Health weight loss fitness news
In its days of infancy, the smartwatch industry wasn’t as health-oriented as it is today. Selling pitches of Android smartwatch manufacturers would majorly consist of features that would position them as communication devices that would limit the times you reached out to the phone sitting in your pocket. But the industry’s changed its face. Now, health-oriented features take the most stage time during launches.
It’s because of this very reason that Google’s acquisition of Fitbit is an exciting one and is expected to finally give the California-based a much-needed resurrection. Google set sail with smartwatches when it first introduced Wear OS (previously known as Android Wear) in 2014. But since Android still hadn’t sown the seeds for hardware back then, it worked with third-party manufacturers to bring Android smartwatches to the market. ASUS, LG and Samsung were amongst the first OEMs to come out with smartwatches.
But as it was back then, Android Wear just seemed to be the start of something bigger and better. But even with successive updates and the addition of new features, Wear OS never felt as robust as what Apple did with Watch OS and its Apple Watch. The half-baked OS is what pushed Samsung (and others) to switch and invest in its in-house operating system, Tizen OS.

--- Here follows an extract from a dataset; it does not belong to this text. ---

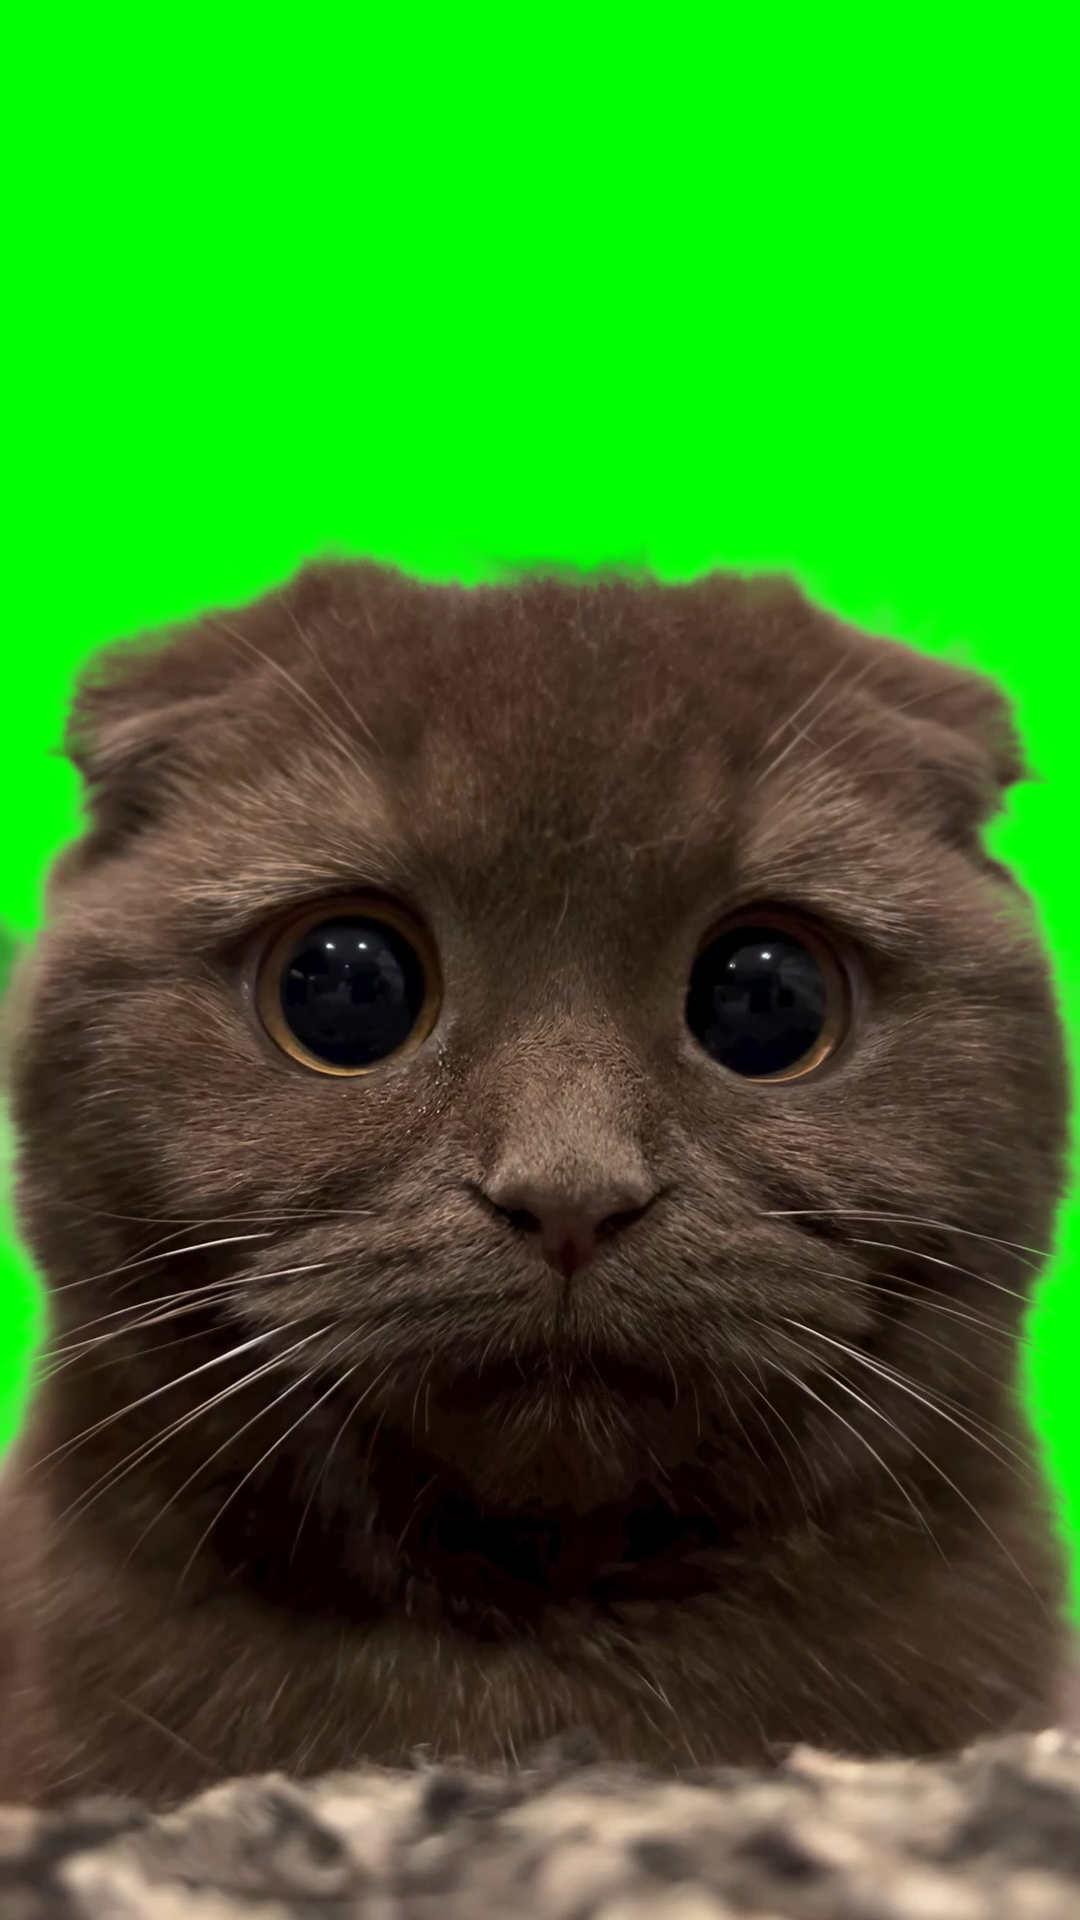 Cat Sad Eyes meme (Green Screen)

Fast forward to the present and Apple has dominated the smartwatch segment. Samsung and Huawei are also doing a pretty good job with smartwatches that run on their respective operating systems. As far as Wear OS is concerned, there are a few OEMs that do make smartwatches that run on it. Fossil is one of the most prominent names but even its latest attempt – the Fossil Gen 5 – was let down by Qualcomm’s outdated chip for wearables and Google’s not-so-robust Wear OS.
The Fitbit potential
Google’s acquisition of HTC’s R&D team is what helped Google push its hardware portfolio including the Pixel phones, tablets and laptops amongst other products. For a company that inherently focussed on software, the acquisition of HTC’s team was key in offering better products as they could have more control on the process and offer an end product that was closer to what they drew on the whiteboard.
Unfortunately, the way Google showed an “ideal” Android smartphone and experience with its then Nexus and now Pixel brand of devices, it didn’t do the same for smartwatches. Rumours of Google launching its hardware have been floating around for quite a while now. But as we all know, Google hasn’t come through with a first-party watch.
But with the acquisition of Fitbit, it’s likely that it won’t be too long before we see a smartwatch from Google. After all, Fitbit is one of the most popular and prominent wearables manufacturers in the world. With its devices, that range from fitness trackers like the Inspire HR and the Charge 3 to smartwatches like the Fitbit Versa 2, Fitbit has a truckload of experience with hardware. Not only hardware, Fitbit also offers one of the most comprehensive fitness tracking experiences out there, thanks to its companion application.
Not only do Fitbit products offer an intricately detailed insight into health-related information, they even bundle training plans and an in-app social network to further enhance the experience. Now, with a base like this, imagine the experiences Google could build on top of it with its expertise in Android.
A recent survey floated out by Google also points towards Google’s efforts of ramping up health-oriented features on Wear OS with features like SPO2 tracking, sleep apnea detecting, sleep analysis, and automatic workout detection.
Apple’s recent models of the Apple Watch have made large waves in the market, particularly because of their emphasis on health and wellness related features like ECG and fall detection amongst others. Now, with Fitbit on its side, Google too can whip up a wonderful recipe that marries finessed hardware with tactful software to offer a Wear OS smartwatch that we’ve been asking for, for a while now.
Not only that, another meaningful Wear OS revamp might even put something on the table for existing Wear OS-based smartwatch manufacturers to look forward to.